Why is Recycling Clothes Important?

Recycling clothes is important as it saves water, materials, and energy compared to creating new garments from scratch. It also keeps old clothes out of landfill sites and incinerators, which reduces the carbon footprint associated with used clothing. Individuals and businesses produce lots of fashion waste, so sustainable management is vital.

In the UK we throw out 300,000 tonnes of old clothes every year – that’s a lot of wasted material. Of this amount, less than a fifth are recycled even though you can recover and reuse many textiles. This includes everything from ripping your favourite pair of jeans, kids outgrowing jumpers, and corporate uniforms and construction workwear becoming damaged.

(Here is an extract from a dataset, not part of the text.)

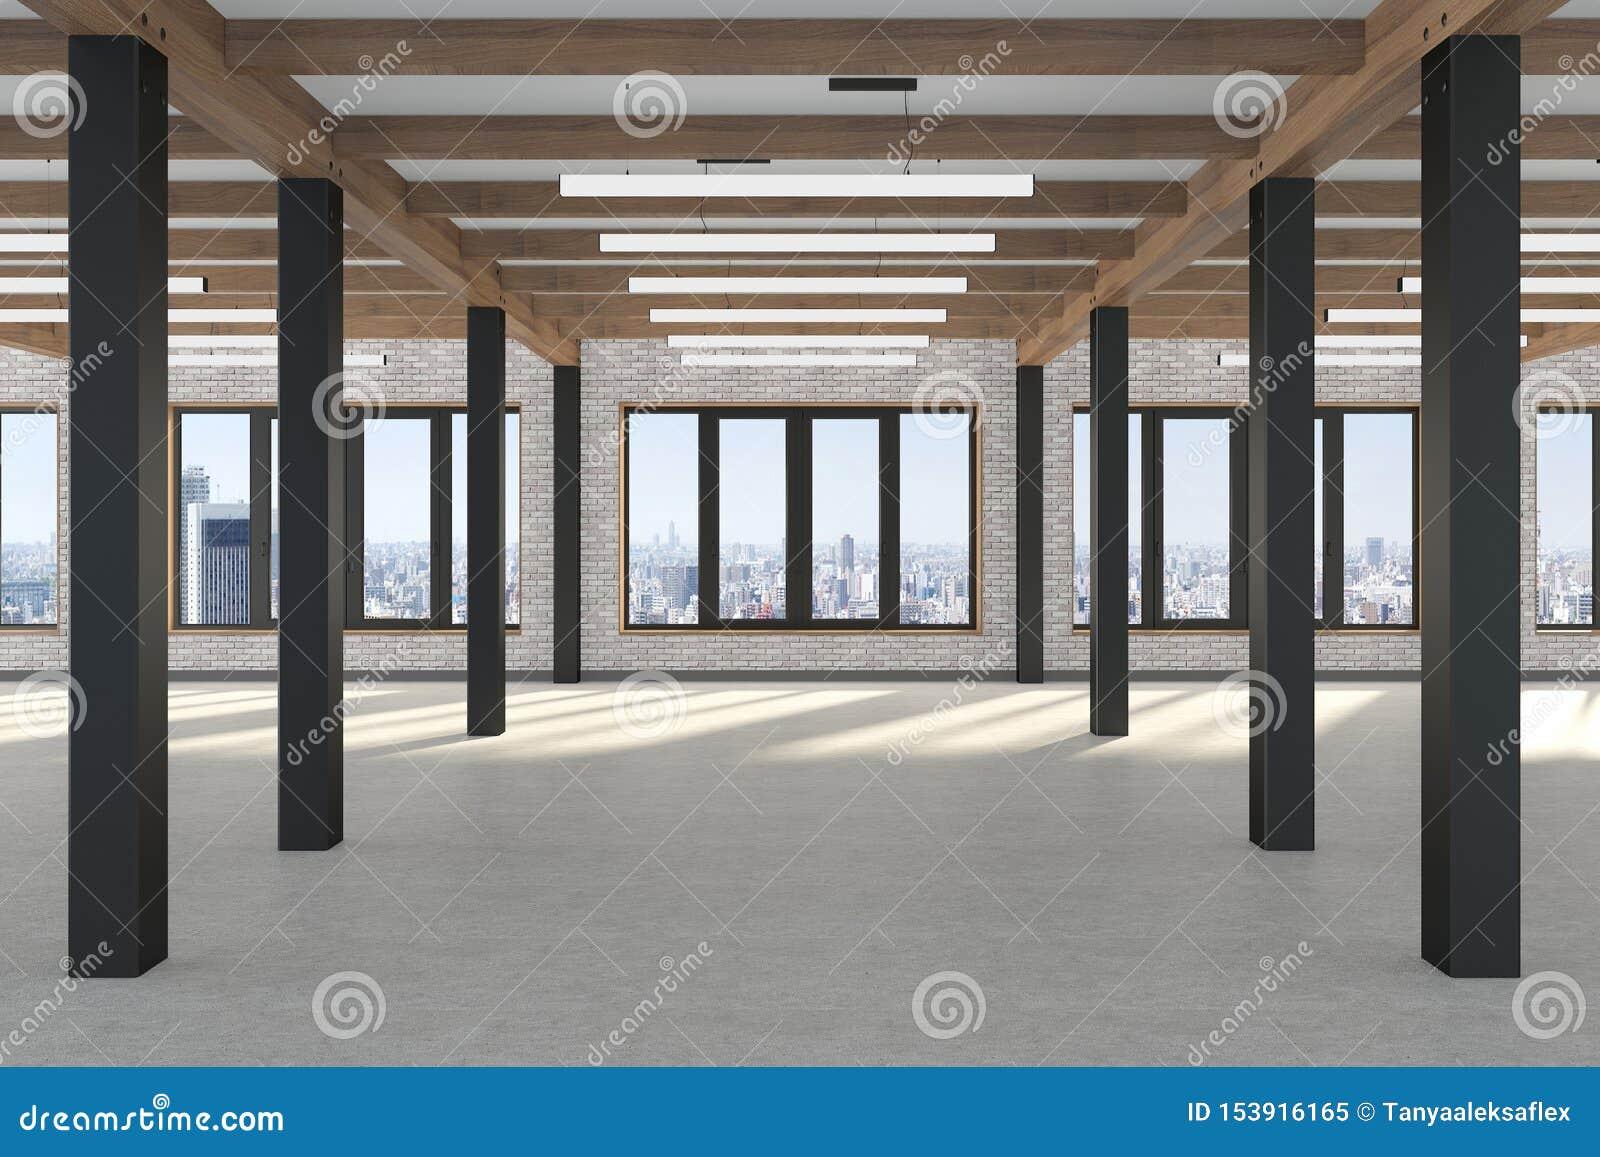 Ett enormt tomt rum med stora fönster som förbiser metropolisen, järnkolonnerna och trästrålarna i vindstilen konkret golv

Homes and businesses should do all they can and recycle rather than bin clothes at the end of their life. These are some of the main reasons why recycling clothes is important:

women's clothes on hangers.

Save landfill space

Throwing away old clothing in a general waste bin means there’s a chance it could make its way to landfill. Some councils and local authorities dispose of general waste in landfill sites, so if you chuck an old t-shirt in your household general waste bin it could now be rotting in landfill.

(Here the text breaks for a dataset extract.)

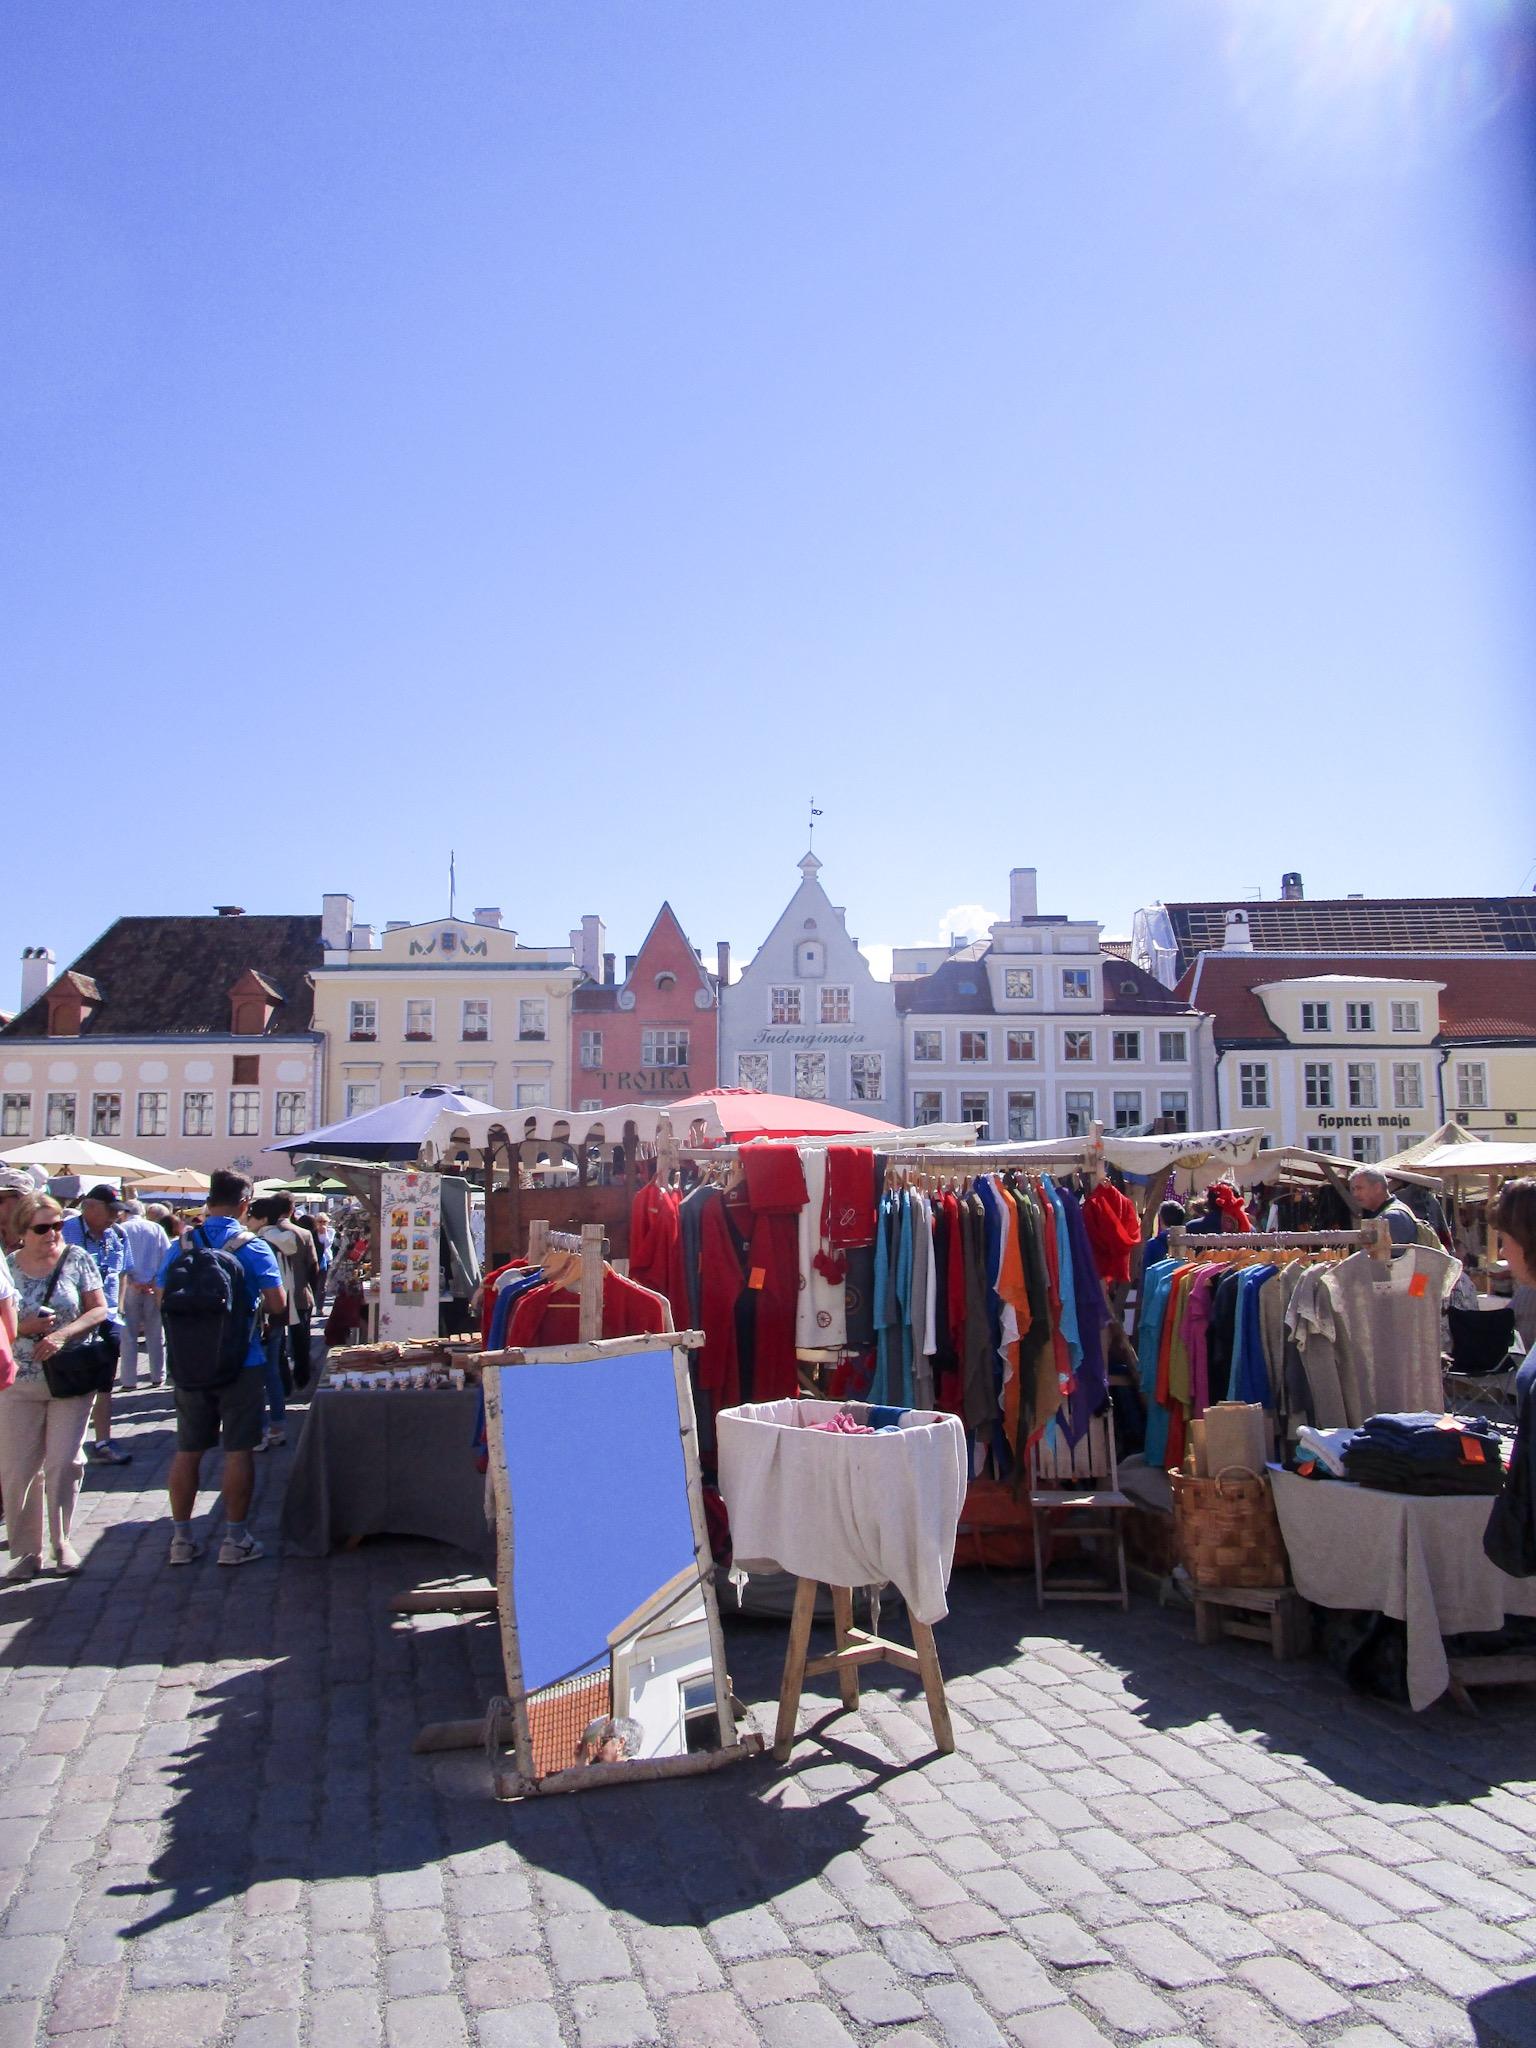 Old town Tallinn marketplace

According to WRAP, around £140 million worth of clothes go to landfill sites in the UK every year. This is a staggering waste of money, terrible for the environment, and clothes take up valuable space in landfill sites that could be used by materials that can’t be reused, recycled, or recovered.

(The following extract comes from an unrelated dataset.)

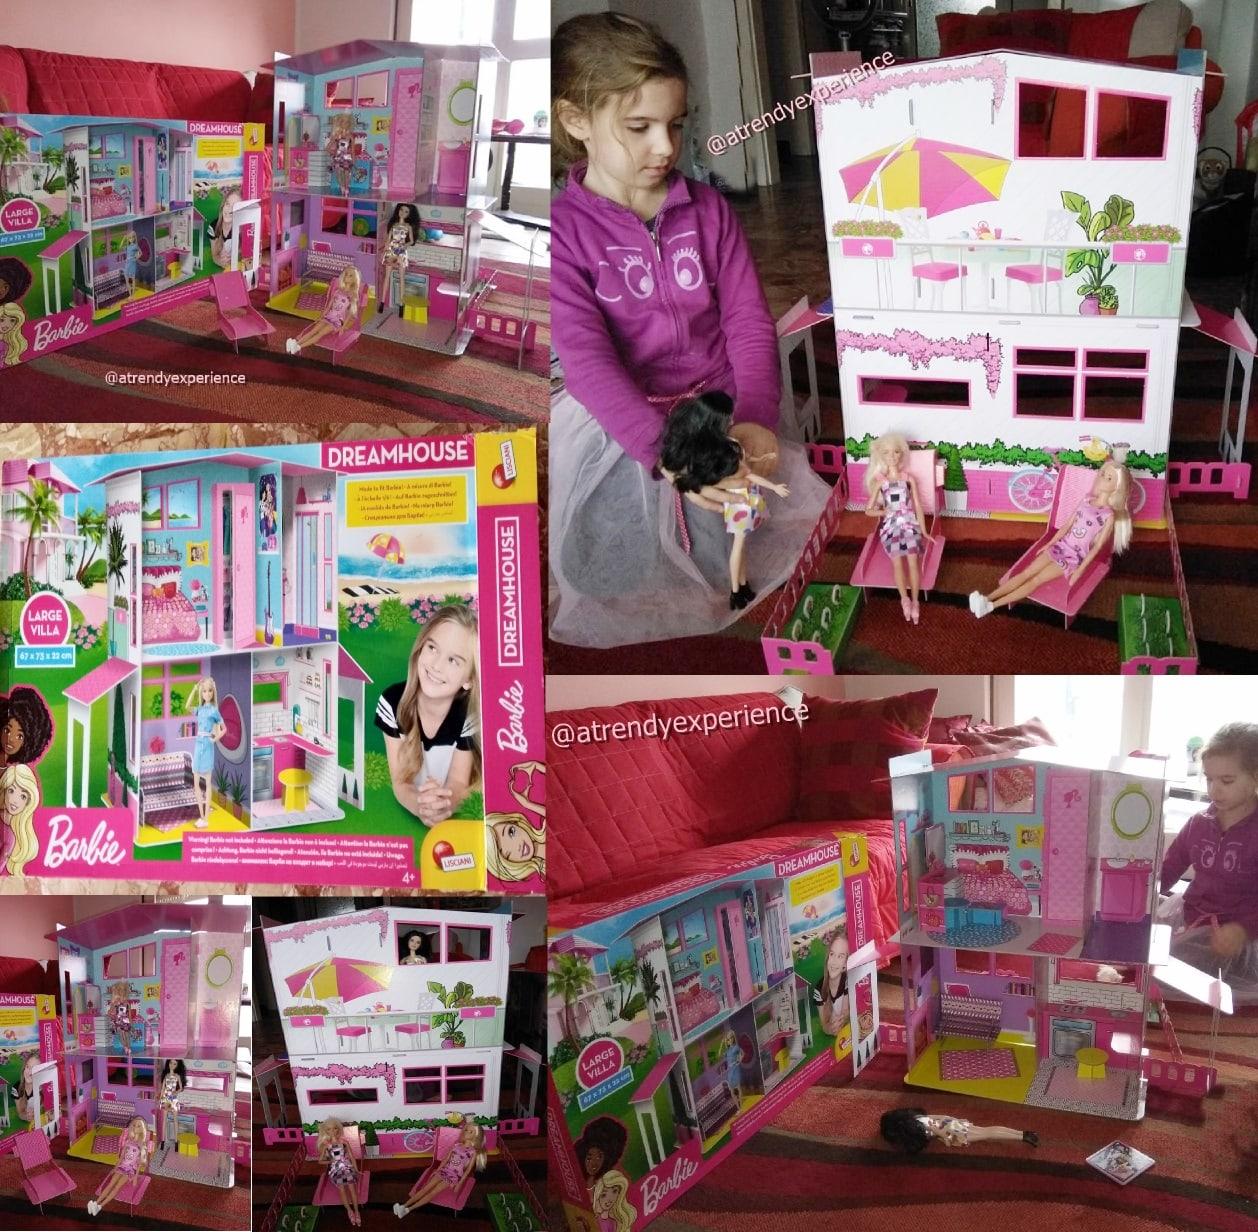 La Casa di Barbie Dreamhouse per tutte le bambine

Clothes also release toxins when they decompose in landfill due to the chemicals, dyes, and any synthetic fibres they may contain. These can leach into the nearby ground and water while clothes contribute to methane production as they break down – a potent greenhouse gas. Recycling clothes avoids all such problems.

Preserve water, materials, and other resources

Clothing production relies on using lots of water, raw materials, and other resources. Recycling old clothes eliminates the need to source fresh materials and use up gallons of water to create new clothes. It contributes to a circular economy, while the water and materials saved by recycling can be put to good use elsewhere.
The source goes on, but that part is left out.